My imagination, particularly when I was a child, always pictured that in a dark way: It grew dark in the middle of the day and then at the moment of Jesus’ death, as if by a frightening strike of lightning, the temple veil was ripped from top to bottom while everyone looked on stunned, convinced now, too late, that the person they’ve just mocked and crucified is the Christ.

What’s really meant by the phrase that the veil of the temple was torn apart at the moment of Jesus’ death?

Biblical scholars tell us that the veil of the temple was precisely a curtain in the temple that prevented the people from seeing what was going on behind it, namely, the sacred rituals being performed by the temple priests. The curtain shielded the ordinary worshipper from mystery.

Thus, when the Gospels tell us that at the moment of Jesus’ death the temple veil was torn apart from top to bottom, the point they are making is not, as my imagination would have it, that God shredded what was most precious to the those who crucified Jesus to show them how wrong they were. To the contrary.

The temple veil was understood to shield people from mystery, from seeing inside the mystery of God. In the crucifixion, that veil is torn apart so that now everyone can see inside the real Holy of Holies, the inside of God.

We now see what God really looks like, that is, as One who loves us so unconditionally that we can crucify Him and he doesn’t stop loving us for even a second. God spills his own blood to reach through to us rather than wanting us to spill ours to reach through to Him. What’s meant by this?

There’s a centuries old question that asks why Jesus had to die in so horrible a manner. Why all the blood? What kind of cosmic and divine game is being played out here? Is Christ’s blood, the blood of the lamb, somehow paying off God for the sin of Adam and Eve and for our own sins? Why does blood need to be spilled?

This is a complex question and every answer that can be given is only a partial one. We are dealing with a great mystery here. However, even great mysteries can be partially understood. One of the reasons why Jesus dies in this way, one of the reasons for the spilling of blood, is clear, with profound implications. What’s the reason?
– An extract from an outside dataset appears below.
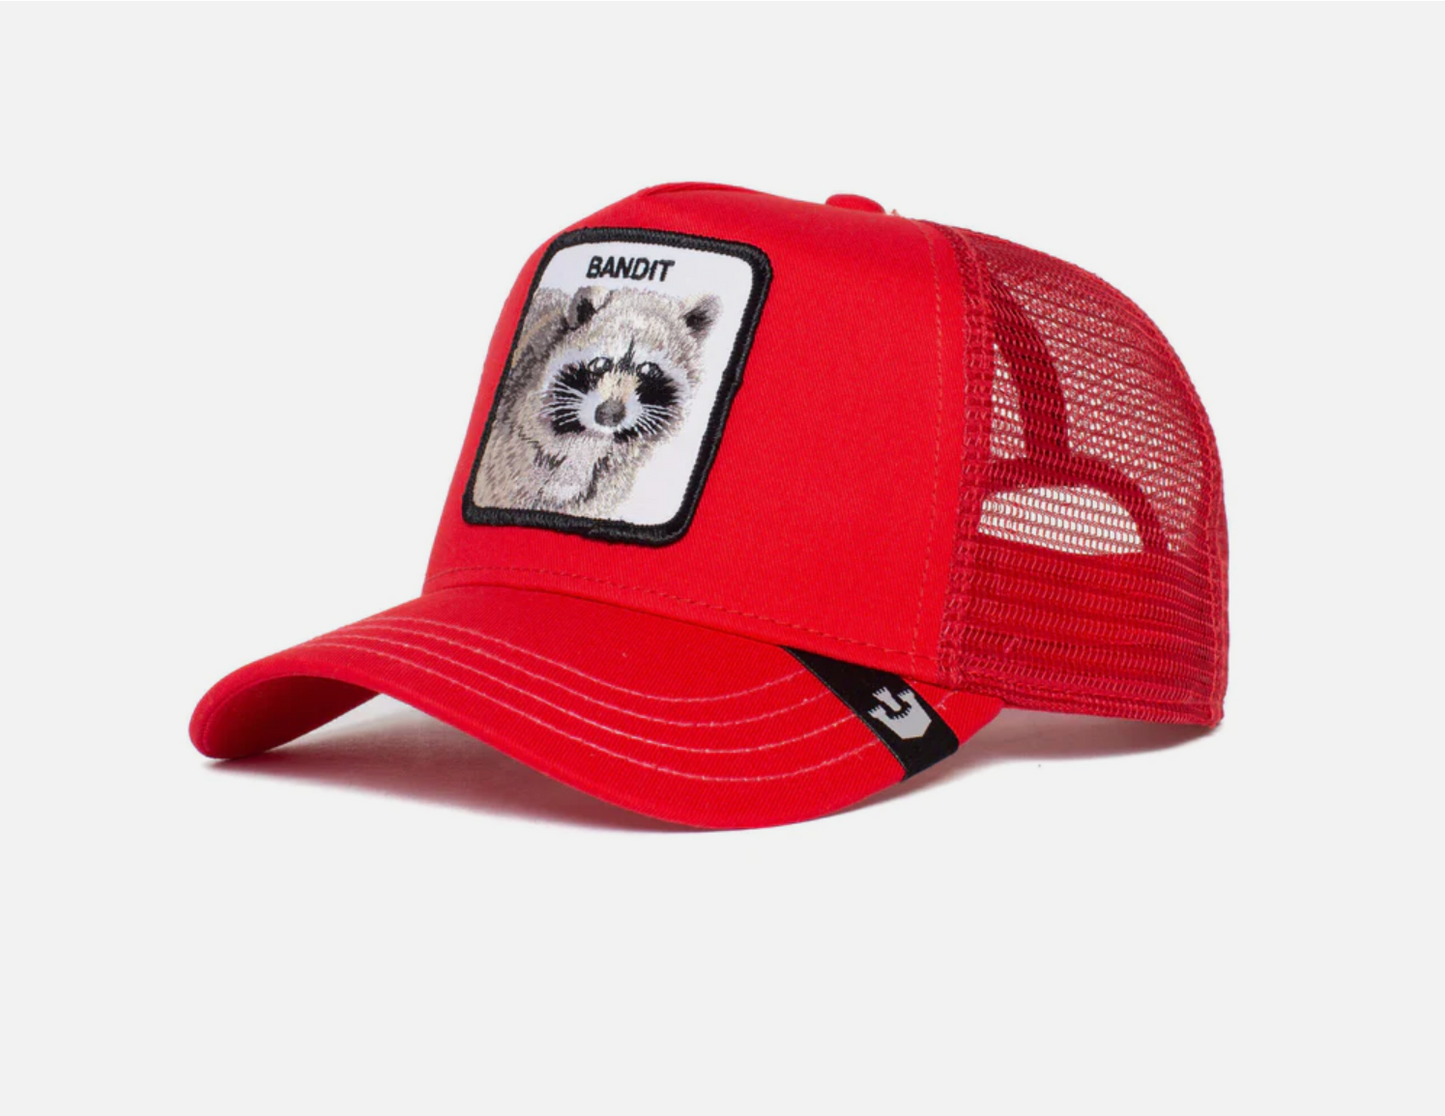 The Bandit Red Trucker Hat - Goorin Bros

It has precisely to do with blood. From the beginning of time until the crucifixion of Jesus, many cultures sacrificed blood to their gods. Why blood? Because blood is identified with the life-principle. Blood carries life, is life, and its loss is death. Thus, for all kinds of reasons, religious and anthropological, in many ancient cultures the idea was present that we owe blood to God, that God needs to be appeased, that offering blood is our way of asking for forgiveness and expressing gratitude, that blood is the language God really understands.

And so, sincere religious people felt that they should be offering blood to God. And they did – and for a long time this included human blood. Humans were killed on altars everywhere. Thankfully most cultures eventually eliminated human sacrifice and used animals instead.

By the time of Jesus, the temple in Jerusalem had become a virtual butchery with priests killing animals nearly non-stop. Some scholars suggest that when Jesus upset the tables of the money changers, about 90% of commerce in Jerusalem was in one way or the other connected with animal sacrifice. Small wonder Jesus’ action was perceived as a threat!

So why the blood at Jesus’ death?

As Richard Rohr aptly puts it, for centuries we had been spilling blood to try to get to God and, in the crucifixion, things reversed: God spilled his own blood to try to get to us. And this reversal strips away the old veil of fear, the false belief that God wants blood, the false belief that God is not unconditional love, and that we need to live in fear of God.

God doesn’t need blood as an appeasement. God never stops loving us for even a second. When the temple veil was ripped open, this incredible truth was revealed.